One of Bryant’s chief mentors in the journalism school, Professor Paul Fisher, taught her valuable lessons that she carried into her public service career. Fisher, who served as the director of the Freedom of Information Center for 31 years, instilled in her the importance of making a point by basing it on fact, documentation and a sense of fairness. The lesson stuck with Bryant and she tried to embody this ideal while working in the public sphere.
In 2006, the Creve Coeur-Olivette Chamber of Commerce named her Legislator of the Year for her work against eminent domain abuse in the community. She served on the city council for five consecutive terms, totaling 10 years, and was termed-out in 2011.

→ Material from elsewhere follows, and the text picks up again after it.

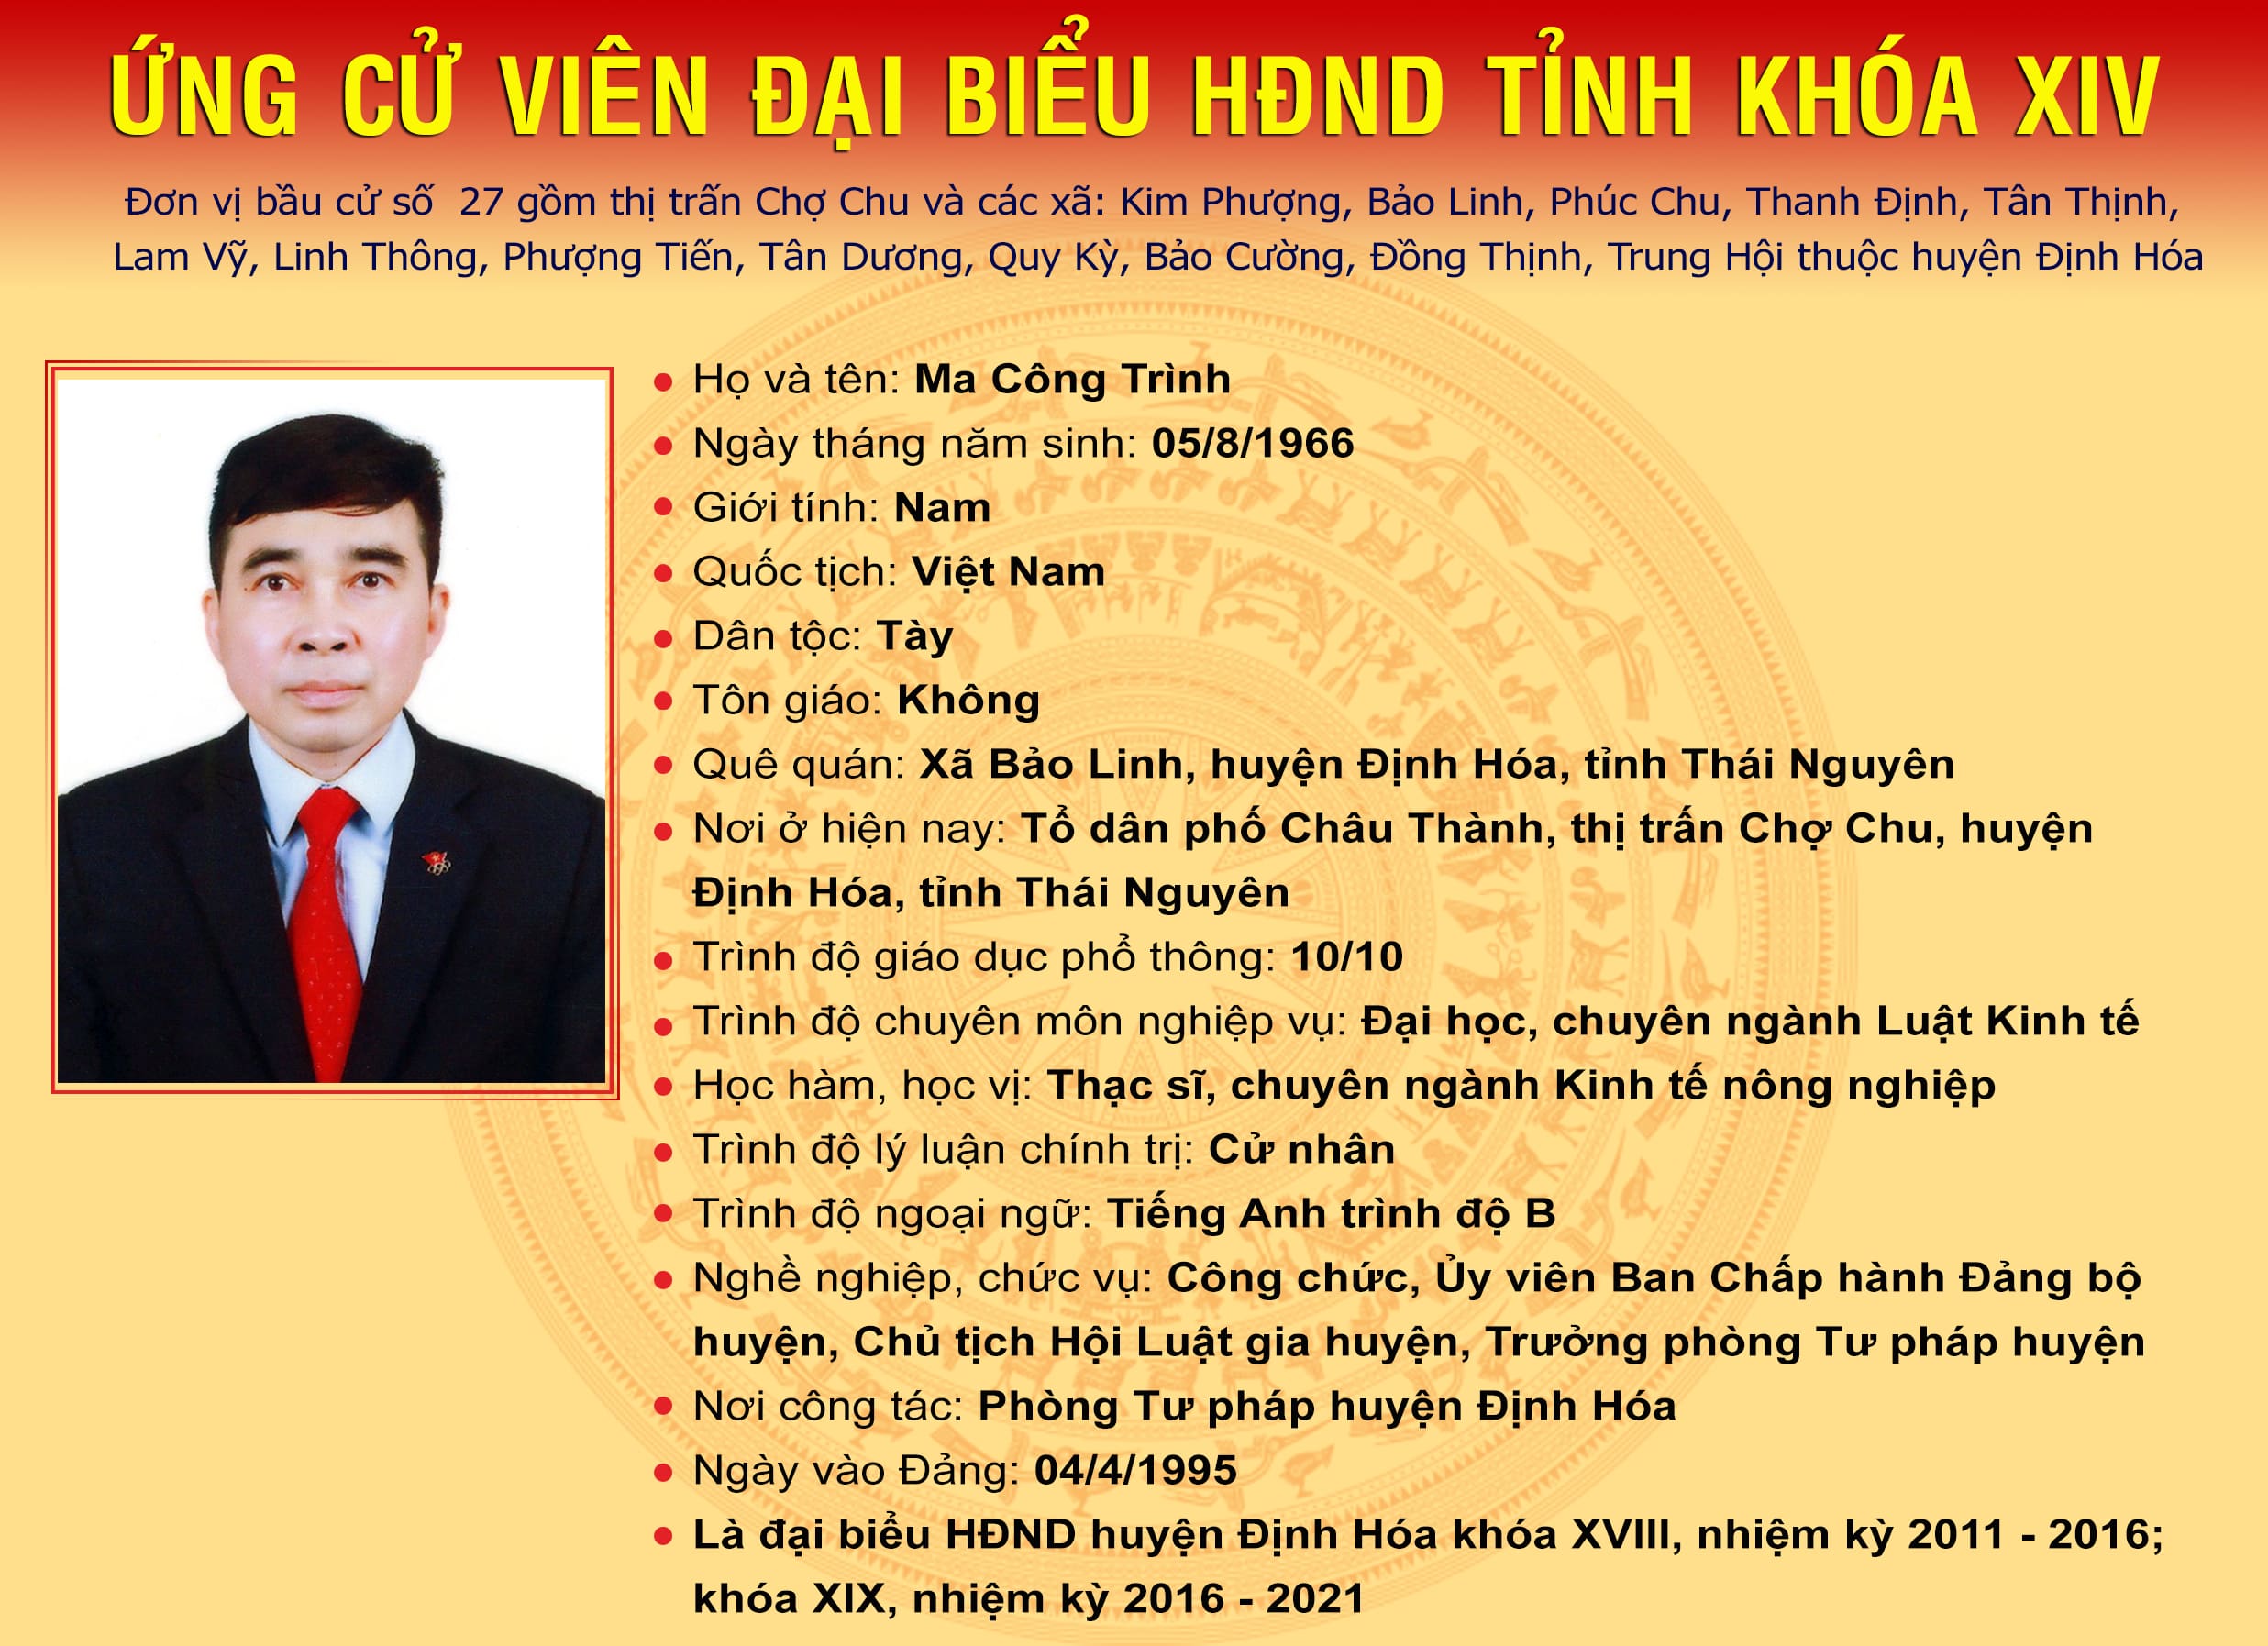 Các ứng cử viên đại biểu HĐND tỉnh Thái Nguyên khóa XIV, nhiệm kỳ 2021 - 2026 tại Đơn vị bầu cử số 27: Huyện Định Hóa -0

Riding Along with Enterprise Holdings
In 2005 – while still an active member of the city council – Bryant took on a new professional challenge at St. Louis-based Enterprise Rent-A-Car. She was attracted to the car rental company for its focus on customer service and local transportation.
In her more than 10 years with Enterprise, she has found the company atmosphere refreshing and authentic. “We work for a family-owned-and-operated company. Transparency is a real priority here, and it makes my job that much better,” she says. The family background not only provides a friendly culture, but also a competitive edge since the company can easily make strategic decisions for the long term, knowing that the financial benefits may not come for years or even decades.
Bryant’s work in public relations means her days are filled with media requests and a constant writing process on many projects. Because of her education, she has a better understanding of how and why professional journalists put together a news story. Like them, she was trained to work with words and find the truth. She intuitively knows why transparency is vitally important. And she credits this journalistic training from the University of Missouri for making her better in her corporate communications role.
“Going to journalism school, you may or may not become a journalist, but you end up with a sharpened mind and a skill-set that makes you a more productive and empathetic member of society,” she says. “It is just something you take with you no matter where you go.”
Theresa Gaul is a junior strategic communication student who will graduate in May 2017. After ruling out law school, Gaul found her passion in public relations during an internship with Mizzou Athletics. She hails from Kansas City, Missouri, and hopes to return to the area after graduation to work in public relations.